Contributing: Tests

Testing is an opinionated topic. Here is a rough overview of our testing philosiphy. See something you want to discuss or think should be changed? Open a PR and let's discuss.

You're an engineer. You know how to write code, and writing tests isn't all that different. But do you know why we write tests? Do you know when to write one, or what kind of test to write? How do you know if a test is a "good" test? This document's goal is to give you the tools you need to make those determinations.

Okay. So why do we write tests? To increase our... CONFIDENCE

  • If I do a large refactor, does everything still work?
  • If I changed some critical piece of code, is it safe to push to production?

Gaining the confidence we need to answer these questions after every change is costly. Good tests allow us to answer them without manual regression testing. What and how we choose to test to increase that confidence is nuanced.

Kinds of Tests

Test's buy us confidence, but not all tests are created equal. Each kind of test has a different cost to write and maintain. An expensive test is worth it if it gives us confidence that a payment is processed, but it may not be the best choice for asserting an element's border color.

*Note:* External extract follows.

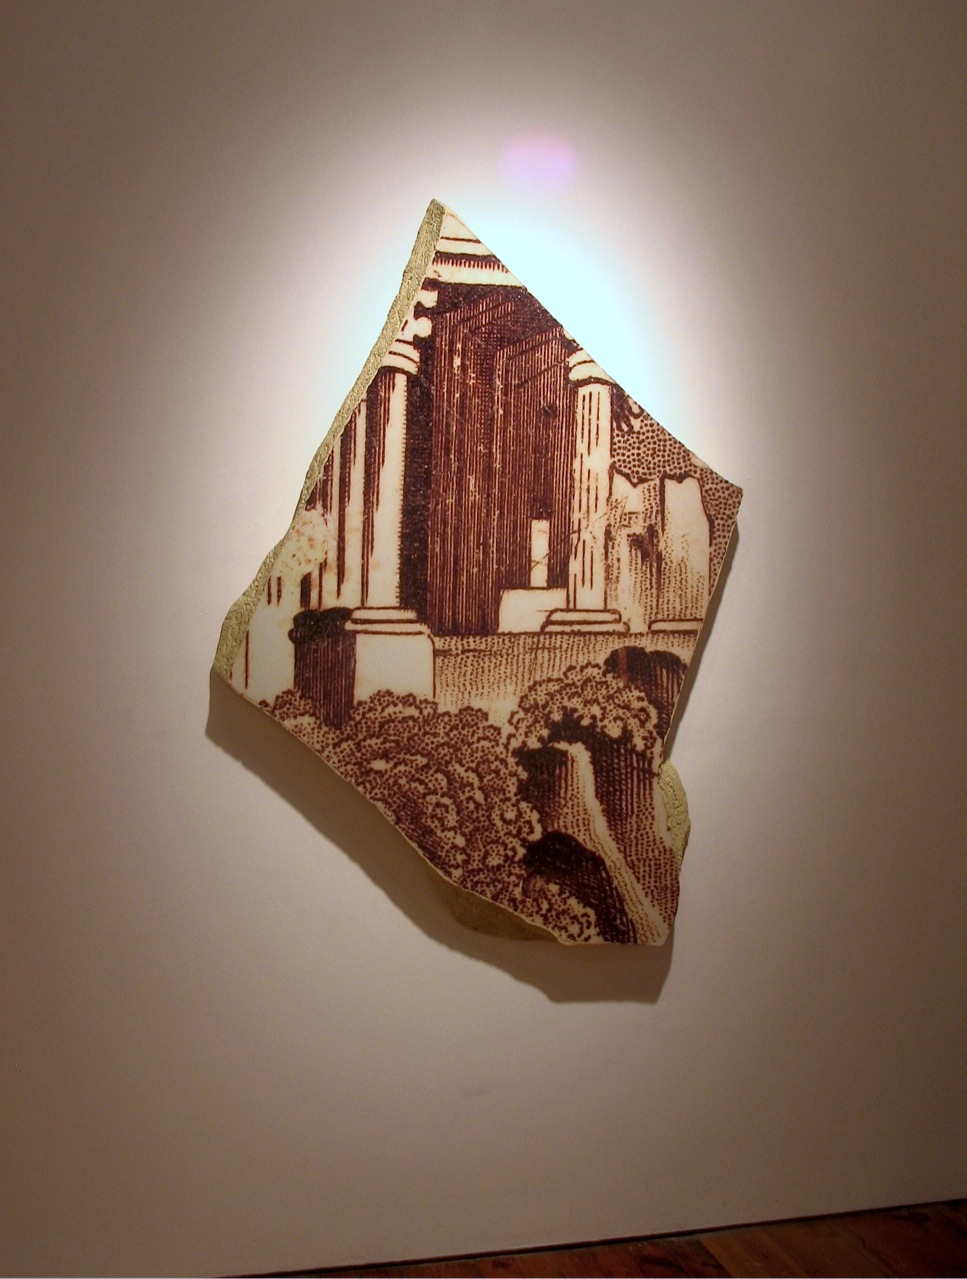 Classical Folly Shard Photo, mixed media 173 x 122 x 8 cm, 2008 - 09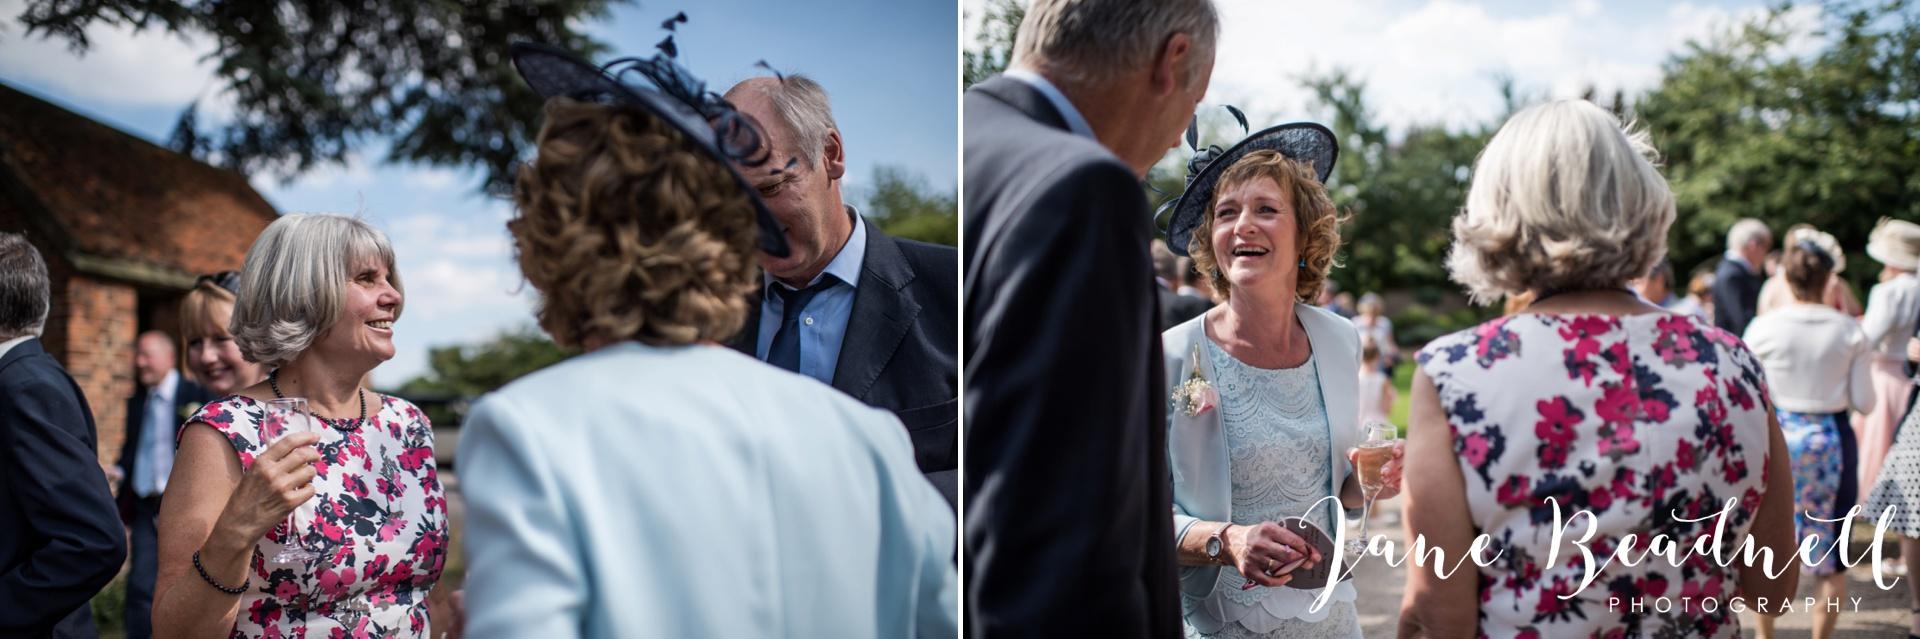 yorkshire-fine-art-wedding-photographer-jane-beadnell-photography-poppleton-york_0074

Test Type Example Speed Cost
Static addNums(1, '2') called with string, expected int. :rocket: Instant :money_with_wings:
Unit addNums(1, 2) returns expected result 3 :airplane: Fast :money_with_wings::money_with_wings:
Integration Clicking "Sign In", navigates to the dashboard (mocked network requests) :running: Okay :money_with_wings::money_with_wings::money_with_wings:
End-to-end Clicking "Sign In", navigates to the dashboard (no mocks) :turtle: Slow :money_with_wings::money_with_wings::money_with_wings::money_with_wings:
  • :rocket: Speed: How quickly tests run
  • :money_with_wings: Cost: Time to write, and to debug when broken (more points of failure)

Static Code Analysis

Modern tooling gives us this "for free". It can catch invalid regular expressions, unused variables, and guarantee we're calling methods/functions with the expected paramater types.

Example Tooling:

Unit Tests

The building blocks of our libraries and applications. For these, you'll often be testing a single function or method. Conceptually, this equates to:

Pure Function Test:

  • If I call sum(2, 2), I expect the output to be 4

Side Effect Test:

  • If I call resetViewport(viewport), I expect cornerstone.reset to be called with viewport

When to use

Anything that is exposed as public API should have unit tests.

When to avoid

You're actually testing implementation details. You're testing implementation details if:

  • Your test does something that the consumer of your code would never do.
    • IE. Using a private function
  • A refactor can break your tests

Integration Tests

We write integration tests to gain confidence that several units work together. Generally, we want to mock as little as possible for these tests. In practice, this means only mocking network requests.

When to use


End-to-End Tests

These are the most expensive tests to write and maintain. Largely because, when they fail, they have the largest number of potential points of failure. So why do we write them? Because they also buy us the most confidence.

When to use

Mission critical features and functionality, or to cover a large breadth of functionality until unit tests catch up. Unsure if we should have a test for feature X or scenario Y? Open an issue and let's discuss.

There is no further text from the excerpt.